— What you have to do —
What lines in the entries below contain the word "Banque"? Copy all of them.
BEGIN
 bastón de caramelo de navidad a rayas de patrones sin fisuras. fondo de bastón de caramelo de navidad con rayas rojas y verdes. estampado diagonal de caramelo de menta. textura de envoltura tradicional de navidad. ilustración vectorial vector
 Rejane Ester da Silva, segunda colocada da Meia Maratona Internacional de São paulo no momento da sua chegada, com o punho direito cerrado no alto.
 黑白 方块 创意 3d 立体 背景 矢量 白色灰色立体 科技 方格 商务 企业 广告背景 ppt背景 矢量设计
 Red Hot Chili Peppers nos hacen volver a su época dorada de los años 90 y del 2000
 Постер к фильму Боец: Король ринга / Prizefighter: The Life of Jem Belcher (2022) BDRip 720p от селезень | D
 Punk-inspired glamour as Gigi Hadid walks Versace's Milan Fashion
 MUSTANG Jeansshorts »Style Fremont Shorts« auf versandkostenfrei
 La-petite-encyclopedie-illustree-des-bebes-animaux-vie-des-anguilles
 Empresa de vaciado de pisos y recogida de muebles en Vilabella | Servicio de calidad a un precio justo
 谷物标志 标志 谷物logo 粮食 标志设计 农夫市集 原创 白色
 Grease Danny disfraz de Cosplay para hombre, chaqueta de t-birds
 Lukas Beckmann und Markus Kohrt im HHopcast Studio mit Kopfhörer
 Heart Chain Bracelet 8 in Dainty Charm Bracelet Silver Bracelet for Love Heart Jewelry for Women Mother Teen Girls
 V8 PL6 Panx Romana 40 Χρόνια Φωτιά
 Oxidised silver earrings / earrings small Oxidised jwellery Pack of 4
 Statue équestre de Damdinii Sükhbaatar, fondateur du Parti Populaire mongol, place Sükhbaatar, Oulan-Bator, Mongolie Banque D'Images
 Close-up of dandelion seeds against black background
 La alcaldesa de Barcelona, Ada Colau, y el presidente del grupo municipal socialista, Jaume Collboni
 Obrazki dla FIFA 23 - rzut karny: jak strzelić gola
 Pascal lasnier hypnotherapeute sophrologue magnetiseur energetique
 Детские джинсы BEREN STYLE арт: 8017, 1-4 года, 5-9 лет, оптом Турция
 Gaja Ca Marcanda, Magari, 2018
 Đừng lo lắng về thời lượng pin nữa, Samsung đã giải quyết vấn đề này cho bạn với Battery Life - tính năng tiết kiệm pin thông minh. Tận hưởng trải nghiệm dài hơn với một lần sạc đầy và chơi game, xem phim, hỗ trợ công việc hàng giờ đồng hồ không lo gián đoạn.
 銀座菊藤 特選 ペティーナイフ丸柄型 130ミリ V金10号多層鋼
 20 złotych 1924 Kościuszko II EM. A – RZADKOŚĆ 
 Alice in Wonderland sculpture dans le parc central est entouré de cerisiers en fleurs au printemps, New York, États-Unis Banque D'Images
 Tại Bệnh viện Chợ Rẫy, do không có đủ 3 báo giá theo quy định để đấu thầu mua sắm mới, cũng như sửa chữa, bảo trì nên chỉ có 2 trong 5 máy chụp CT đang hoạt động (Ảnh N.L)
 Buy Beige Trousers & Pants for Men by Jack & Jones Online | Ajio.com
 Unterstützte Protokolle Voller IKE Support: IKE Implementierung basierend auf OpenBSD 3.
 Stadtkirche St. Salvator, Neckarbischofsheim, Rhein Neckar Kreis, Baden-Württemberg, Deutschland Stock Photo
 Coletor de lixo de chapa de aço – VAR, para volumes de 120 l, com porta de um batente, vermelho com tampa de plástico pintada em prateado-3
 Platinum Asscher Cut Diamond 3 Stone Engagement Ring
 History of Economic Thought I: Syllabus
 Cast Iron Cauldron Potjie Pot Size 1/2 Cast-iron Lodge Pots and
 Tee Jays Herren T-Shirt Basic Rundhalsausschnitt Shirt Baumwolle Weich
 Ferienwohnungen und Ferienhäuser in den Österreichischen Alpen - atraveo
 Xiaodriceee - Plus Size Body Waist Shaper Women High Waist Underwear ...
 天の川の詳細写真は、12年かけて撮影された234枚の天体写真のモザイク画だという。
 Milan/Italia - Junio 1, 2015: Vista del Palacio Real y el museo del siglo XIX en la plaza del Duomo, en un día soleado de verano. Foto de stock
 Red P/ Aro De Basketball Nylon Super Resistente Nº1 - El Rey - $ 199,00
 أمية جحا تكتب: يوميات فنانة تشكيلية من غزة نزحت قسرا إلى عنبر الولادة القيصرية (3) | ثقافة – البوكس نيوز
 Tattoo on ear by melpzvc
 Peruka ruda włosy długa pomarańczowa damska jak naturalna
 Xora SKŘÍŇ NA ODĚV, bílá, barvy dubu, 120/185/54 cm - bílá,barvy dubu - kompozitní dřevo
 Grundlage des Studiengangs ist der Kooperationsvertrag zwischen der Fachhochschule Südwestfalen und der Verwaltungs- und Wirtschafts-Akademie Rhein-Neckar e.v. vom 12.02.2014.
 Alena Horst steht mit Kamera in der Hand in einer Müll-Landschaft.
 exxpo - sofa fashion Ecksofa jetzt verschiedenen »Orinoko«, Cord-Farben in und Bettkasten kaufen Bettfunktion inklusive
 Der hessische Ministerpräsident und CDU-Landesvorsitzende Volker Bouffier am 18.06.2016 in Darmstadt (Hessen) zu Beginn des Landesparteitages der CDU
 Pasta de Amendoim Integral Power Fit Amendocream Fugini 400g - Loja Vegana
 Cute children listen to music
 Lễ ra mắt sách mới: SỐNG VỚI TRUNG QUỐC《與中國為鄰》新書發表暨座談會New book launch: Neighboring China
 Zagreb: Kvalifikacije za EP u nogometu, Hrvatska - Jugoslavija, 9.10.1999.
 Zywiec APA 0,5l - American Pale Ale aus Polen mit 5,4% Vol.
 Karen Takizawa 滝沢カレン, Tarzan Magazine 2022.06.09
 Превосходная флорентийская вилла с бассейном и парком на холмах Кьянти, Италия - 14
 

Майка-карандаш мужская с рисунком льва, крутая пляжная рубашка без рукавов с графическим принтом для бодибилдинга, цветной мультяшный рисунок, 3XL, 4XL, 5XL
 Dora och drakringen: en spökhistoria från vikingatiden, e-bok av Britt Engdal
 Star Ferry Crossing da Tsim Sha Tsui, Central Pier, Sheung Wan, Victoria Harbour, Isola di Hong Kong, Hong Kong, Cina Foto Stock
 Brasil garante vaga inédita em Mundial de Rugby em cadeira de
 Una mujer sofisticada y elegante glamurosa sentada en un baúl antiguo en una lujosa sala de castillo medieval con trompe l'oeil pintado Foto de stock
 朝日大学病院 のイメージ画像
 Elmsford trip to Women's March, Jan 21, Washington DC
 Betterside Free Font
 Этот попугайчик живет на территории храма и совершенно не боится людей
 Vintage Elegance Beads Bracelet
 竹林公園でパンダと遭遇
END
— Task response —
 Statue équestre de Damdinii Sükhbaatar, fondateur du Parti Populaire mongol, place Sükhbaatar, Oulan-Bator, Mongolie Banque D'Images
 Alice in Wonderland sculpture dans le parc central est entouré de cerisiers en fleurs au printemps, New York, États-Unis Banque D'Images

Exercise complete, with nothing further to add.